Prompt - Exclude the pictures. Transcribe exactly, and only, the lines from the one holding "Bague fer à" to the end of the material below.

Recorded information -

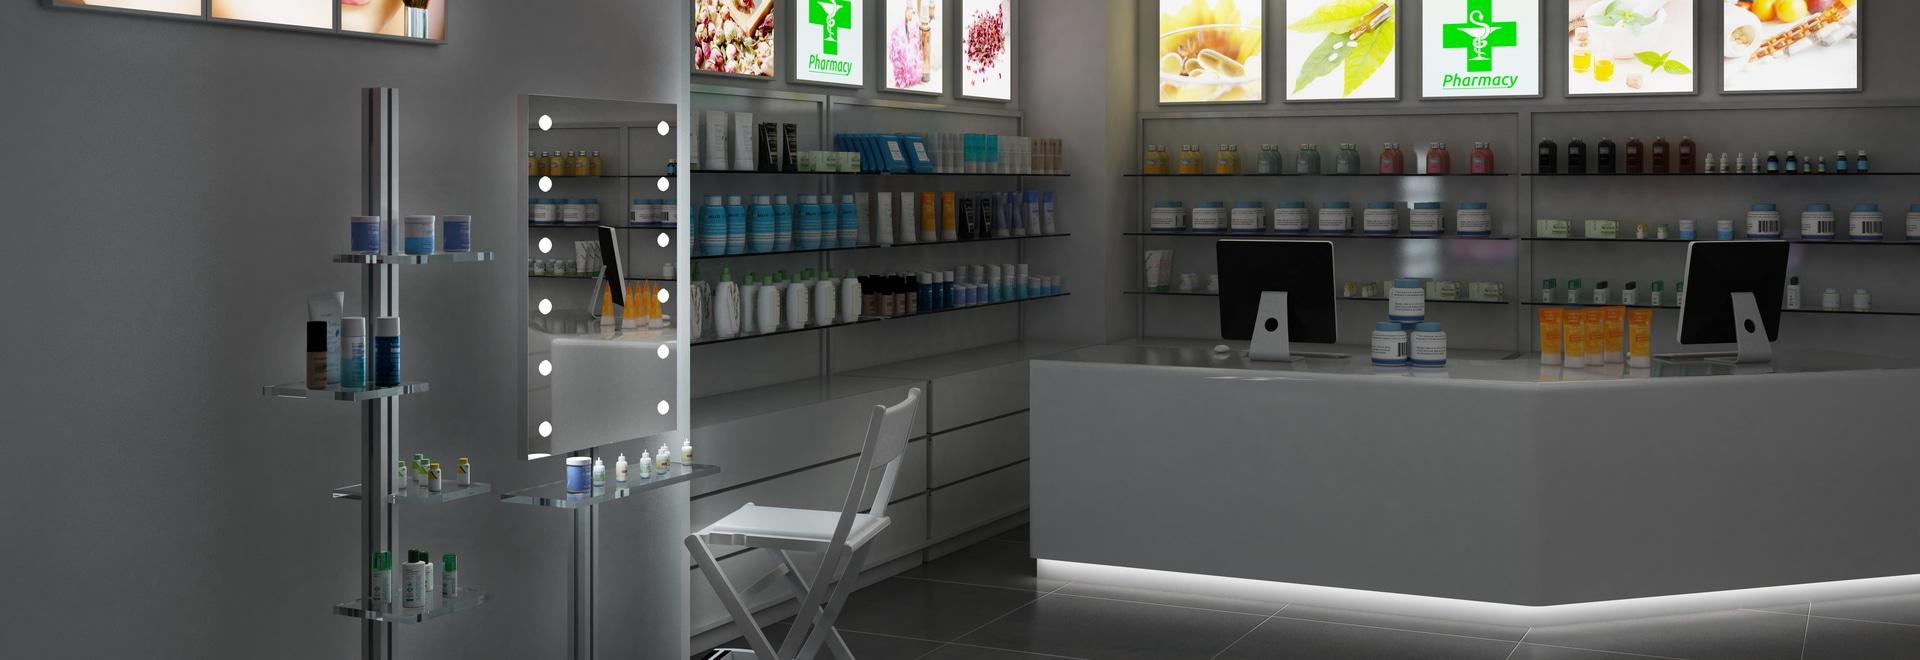 Lo specchio makeup in farmacia
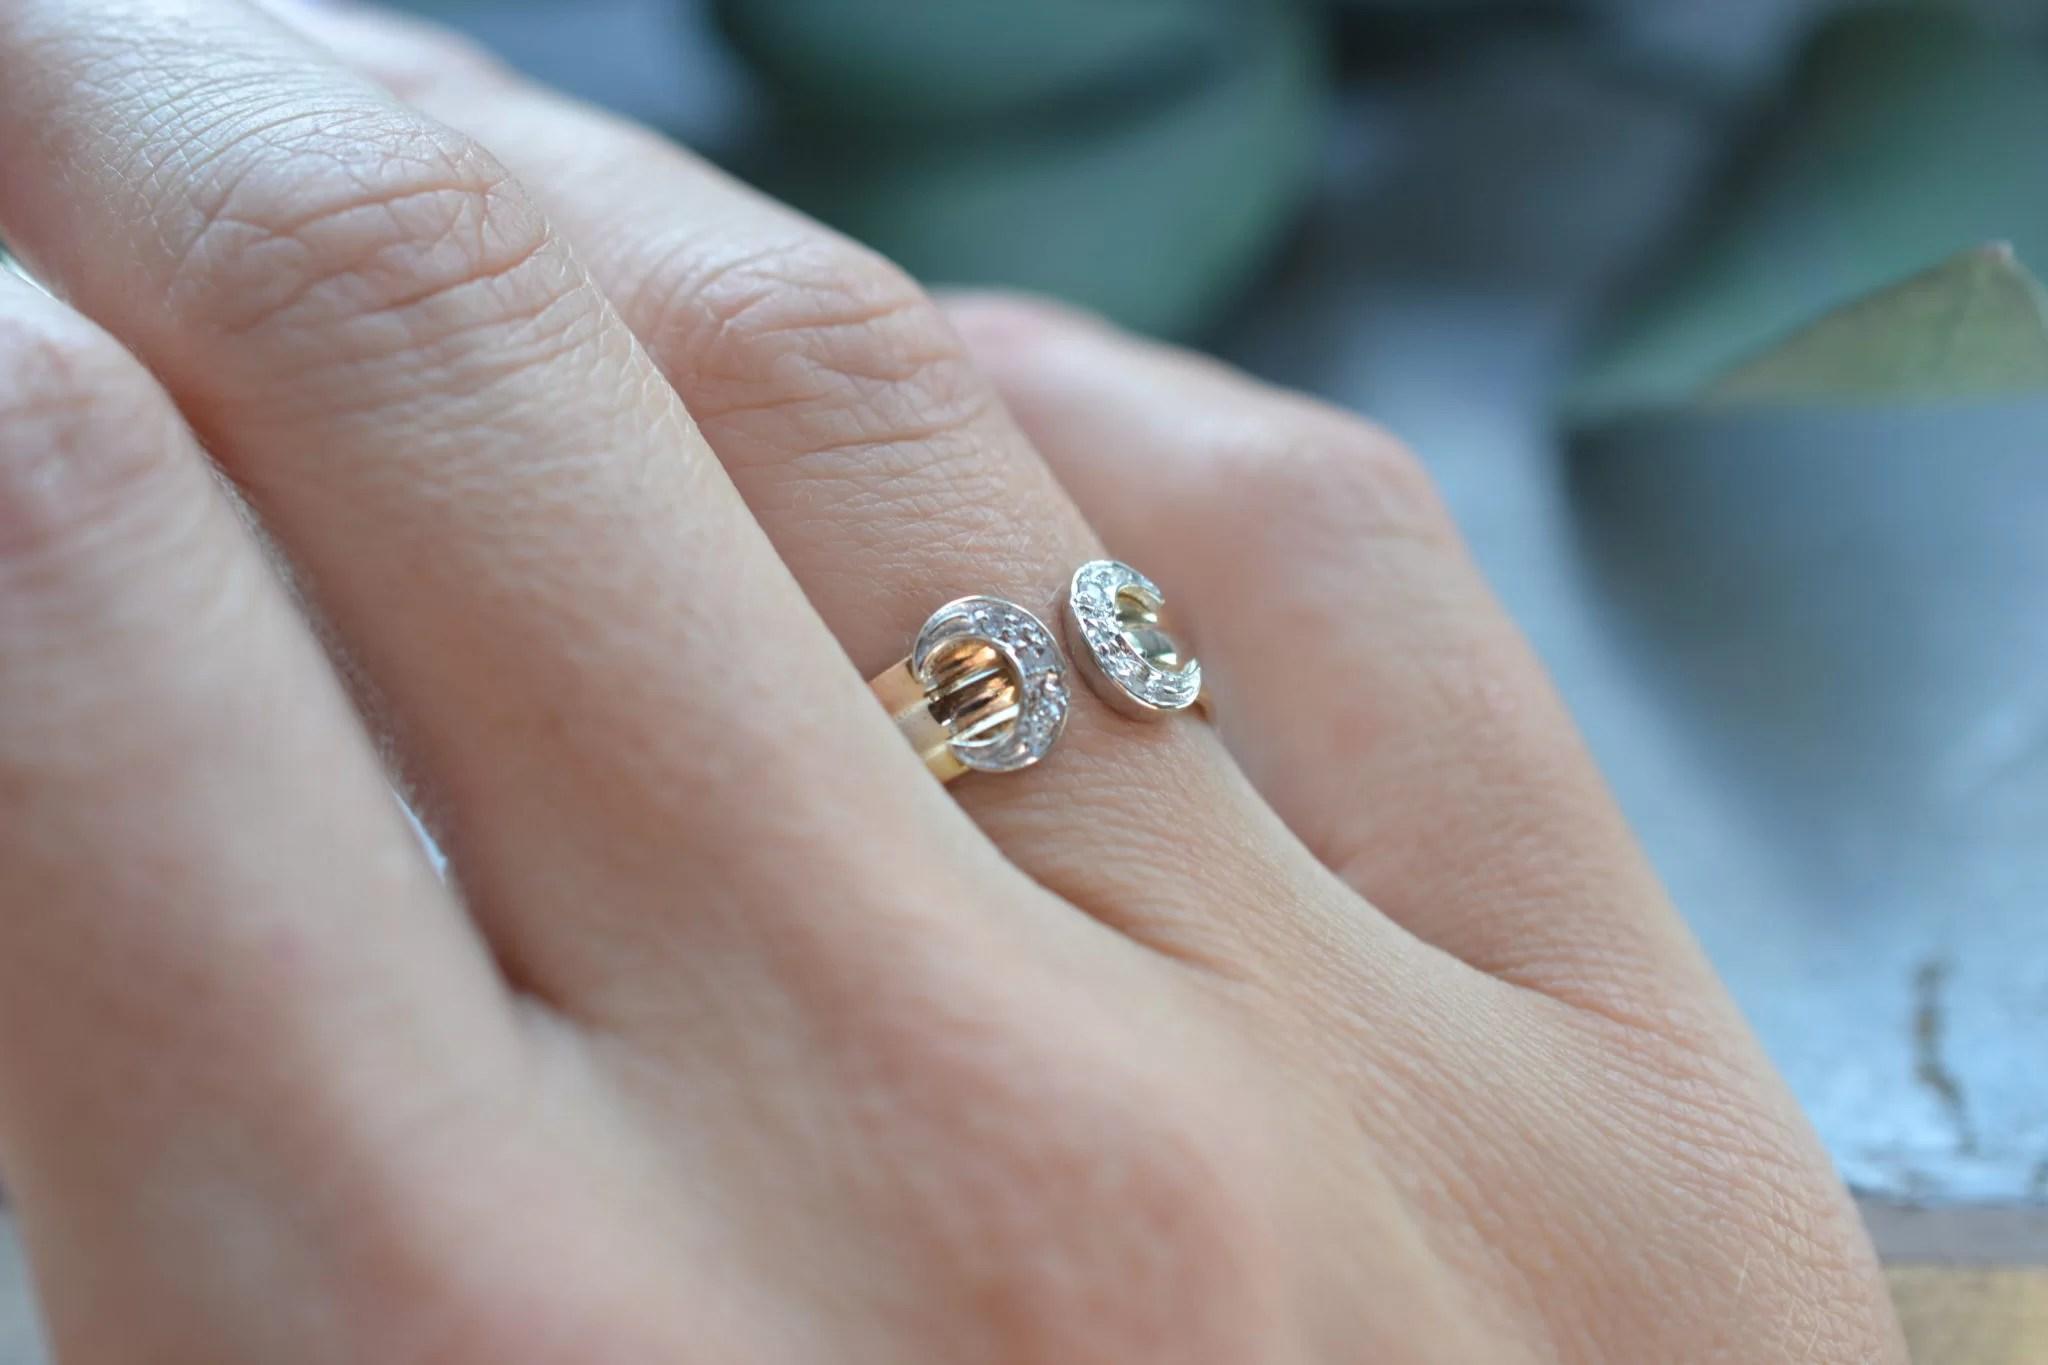 Bague fer à cheval façon cartier petites roses de diamants - bijoux en OR 18 carats - bijoux seconde main
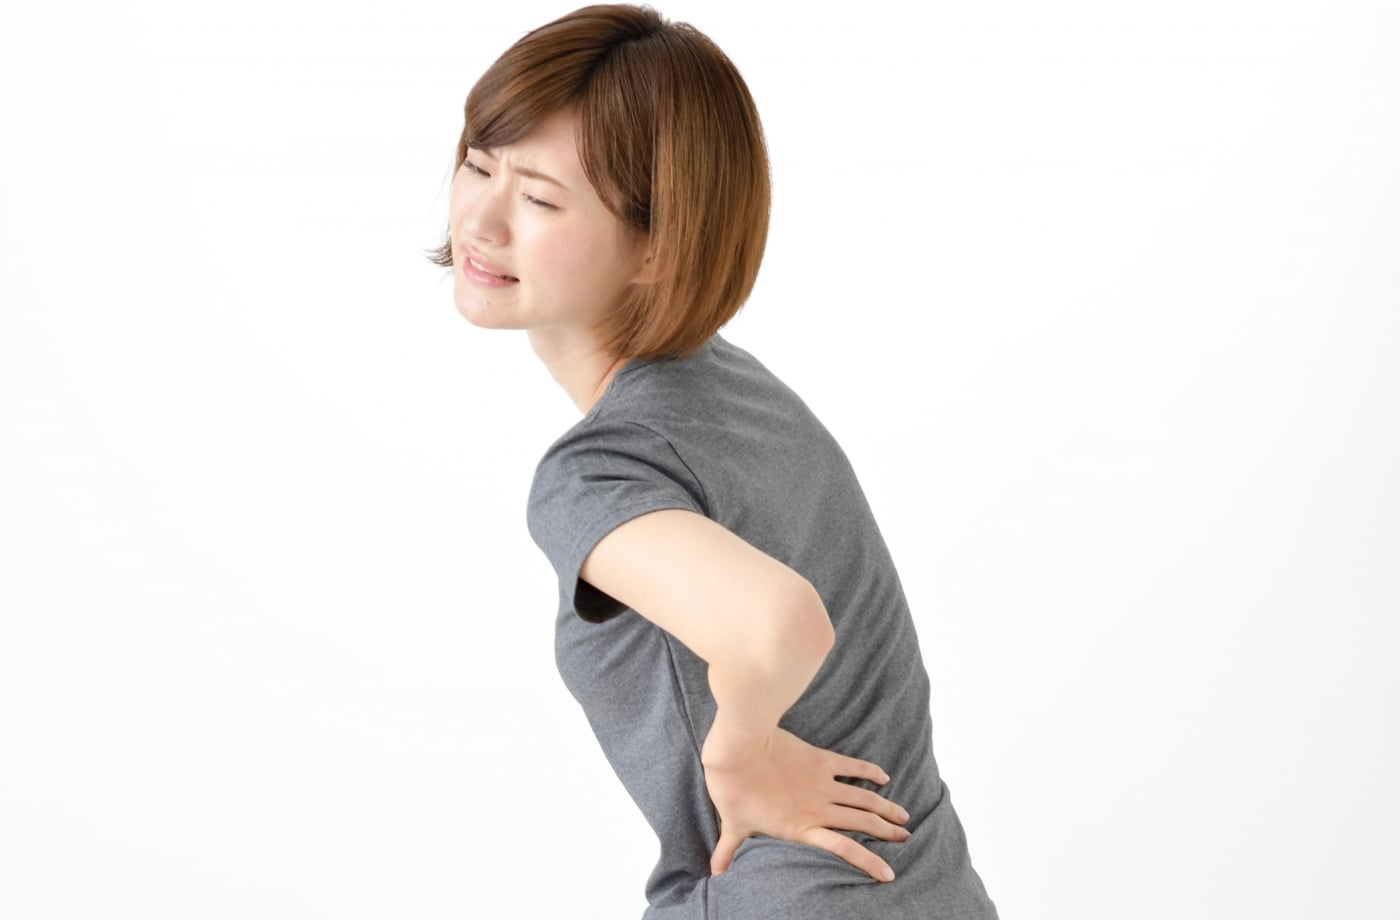 【2020最新】テレワークの腰痛対策!高級イス・腰痛対策のまとめ

Answer below -
 Bague fer à cheval façon cartier petites roses de diamants - bijoux en OR 18 carats - bijoux seconde main
 【2020最新】テレワークの腰痛対策!高級イス・腰痛対策のまとめ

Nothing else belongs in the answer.